Vision4PPG: Emergent PPG Analysis Capability of Vision Foundation Models for Vital Signs like Blood Pressure

Abstract

This paper investigates the emergent capability of Vision Foundation Models (VFMs) for analyzing Photoplethysmography (PPG) signals to derive vital signs, specifically blood pressure. We introduce Vision4PPG, a novel framework that transforms 1D PPG signals into a 2D representation suitable for processing by pre-trained VFMs. The methodology involves fine-tuning these robust models on a comprehensive PPG dataset to accurately predict systolic and diastolic blood pressure. Experimental results demonstrate that Vision4PPG significantly outperforms traditional machine learning approaches, showcasing the potential of VFMs in non-invasive vital sign monitoring.

1. Introduction

Accurate and continuous monitoring of vital signs like blood pressure is crucial for preventive healthcare and disease management, yet current methods often lack non-invasiveness or continuous capabilities. The challenge lies in developing robust, accessible technologies that can provide reliable physiological data from readily available sources like PPG signals. This work explores how powerful Vision Foundation Models (VFMs), originally designed for complex image tasks, can be adapted to overcome these limitations in physiological signal analysis.
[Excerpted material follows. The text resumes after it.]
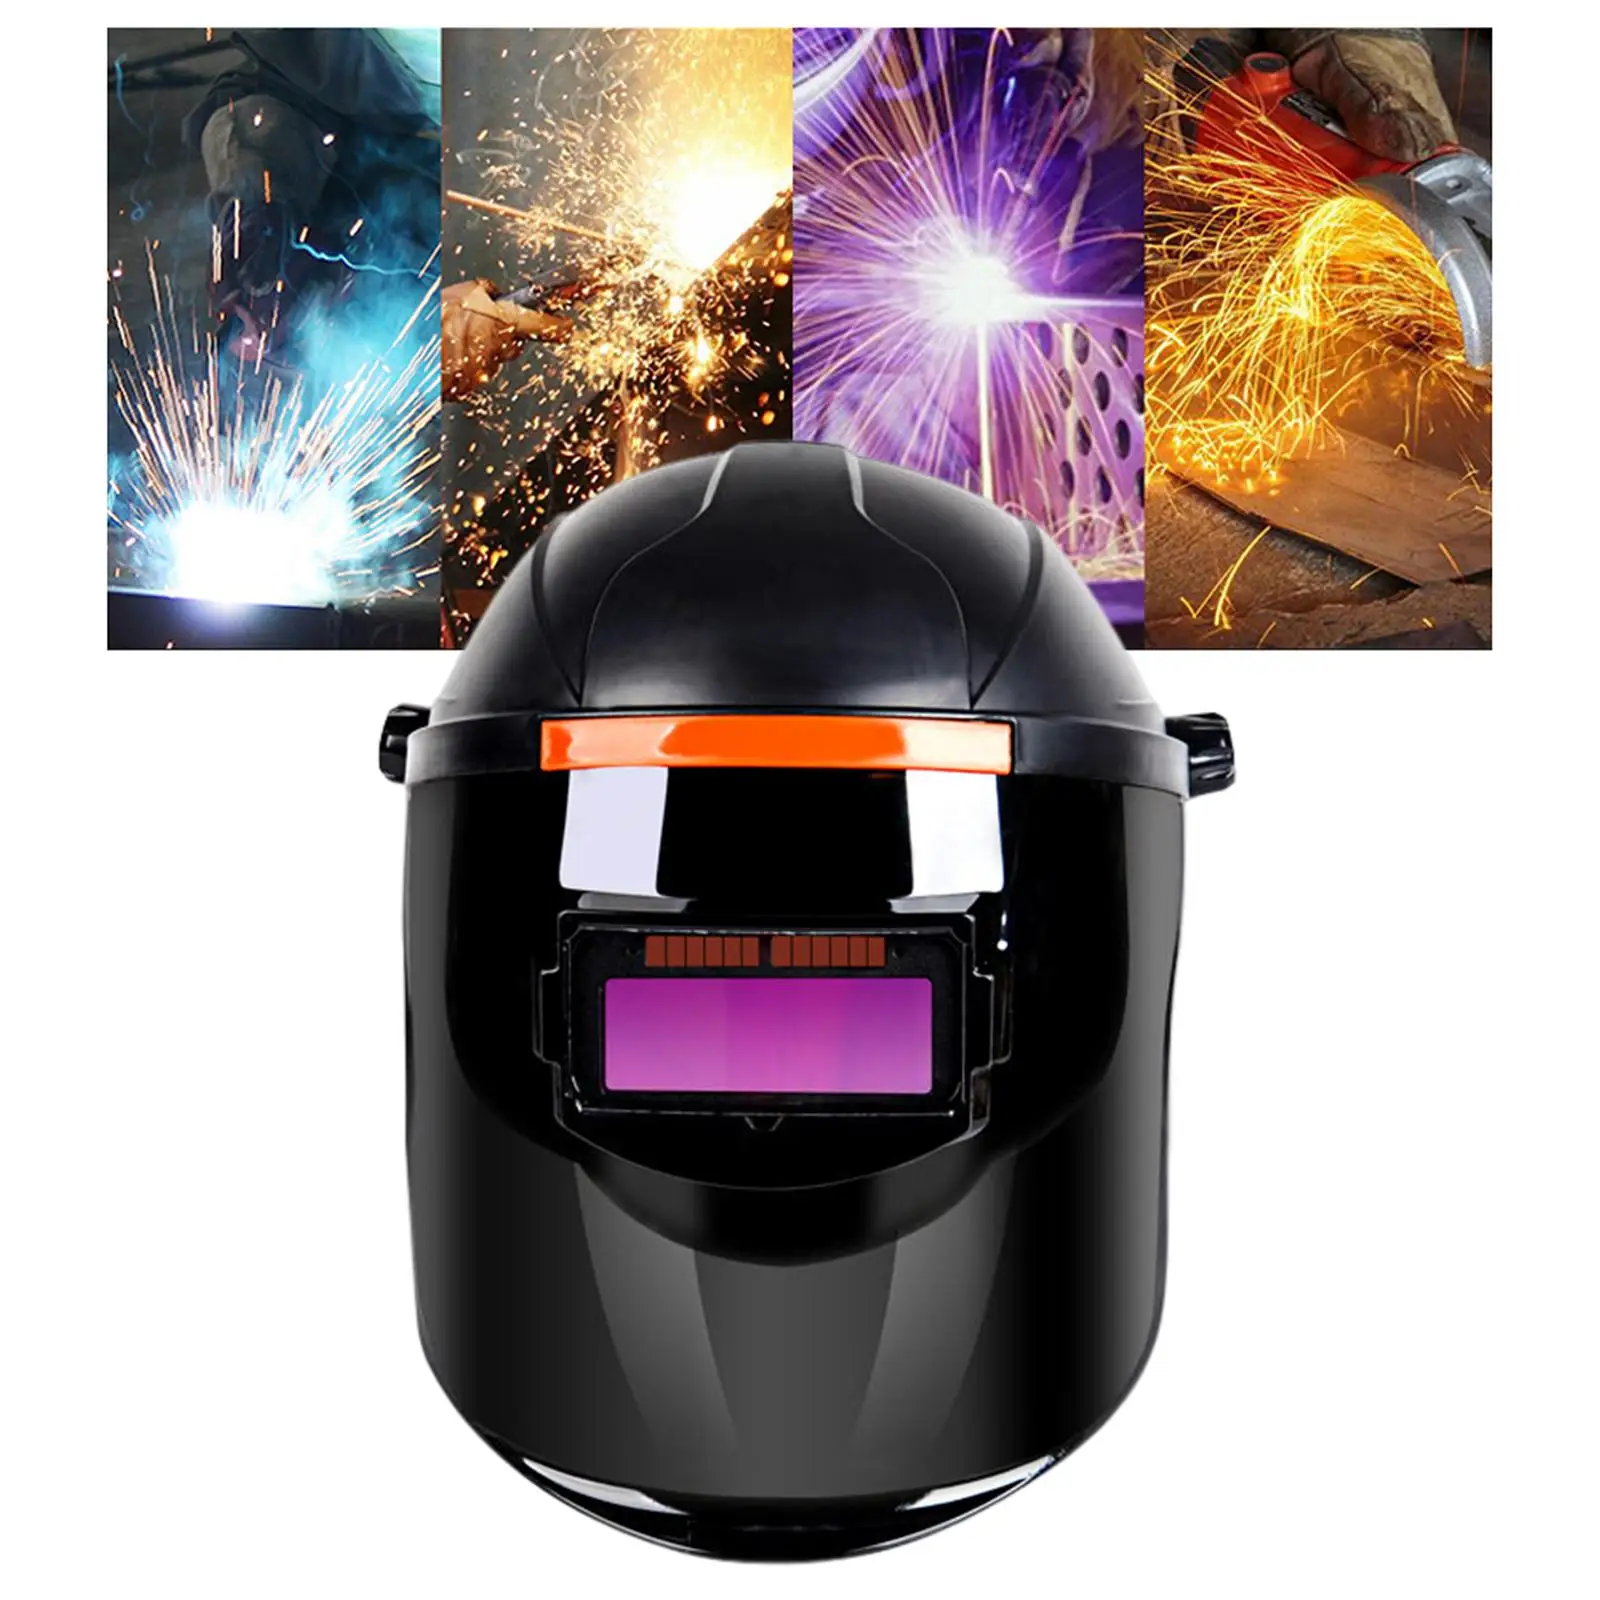 Auto Darkening Welding Helmet Welding Hood Professional Mig TIG ARC Grinding Welder Use Adjustable Head Equipment ,Black Durable

The primary models used in this article include various Vision Foundation Models (VFMs), specifically pre-trained Vision Transformers (ViT) and Swin Transformers, which are fine-tuned for PPG signal processing.

2. Related Work

Existing literature on PPG-based vital sign estimation typically employs traditional machine learning algorithms or simpler convolutional neural networks (CNNs) on extracted features. While some deep learning approaches have shown promise, they often require extensive domain-specific architecture design and large, labeled datasets for effective training from scratch. Recent advances in vision foundation models have revolutionized image and video understanding, demonstrating remarkable generalization capabilities across diverse tasks. Our work builds upon this foundation by bridging the gap between powerful vision models and the unique challenges of physiological signal processing.

3. Methodology

The Vision4PPG methodology begins by converting raw 1D PPG signals into a structured 2D representation, effectively creating 'image-like' inputs that leverage the spatial and temporal correlations within the waveform. This transformation allows for direct application and fine-tuning of pre-trained Vision Foundation Models, such as Vision Transformers, without extensive architectural modifications. We collected a diverse dataset of PPG signals synchronized with reference blood pressure measurements, which was then split into training, validation, and testing sets. The fine-tuning process involved optimizing the model's parameters using a regression objective function, aiming to minimize the error between predicted and actual blood pressure values.

4. Experimental Results

The Vision4PPG framework demonstrated significant improvements in blood pressure estimation accuracy compared to established baseline methods. Key performance metrics, including Mean Absolute Error (MAE) and Root Mean Squared Error (RMSE), consistently showed lower values for our VFM-based approach. The results confirm that the emergent feature extraction capabilities of Vision Foundation Models are highly effective for discerning subtle patterns in PPG signals indicative of blood pressure changes. Below is a summary of the performance on the test set, highlighting Vision4PPG's superior accuracy.

Model	Systolic BP MAE (mmHg)	Diastolic BP MAE (mmHg)	Systolic BP RMSE (mmHg)	Diastolic BP RMSE (mmHg)
Traditional ML (e.g., SVM)	8.5	6.2	11.3	8.1
Basic CNN	6.1	4.8	8.2	6.5
Vision4PPG (ViT-based)	3.4	2.6	4.5	3.5

5. Discussion

The superior performance of Vision4PPG underscores the immense potential of repurposing pre-trained Vision Foundation Models for complex physiological signal analysis. This paradigm shift can accelerate research in non-invasive health monitoring by reducing the need for extensive task-specific model development. The ability of VFMs to learn robust, generalized features from complex data directly translates to more accurate and reliable vital sign estimations. Future work will focus on deploying Vision4PPG in real-time environments and exploring its applicability for other vital signs or multi-modal data integration, further advancing personalized healthcare solutions.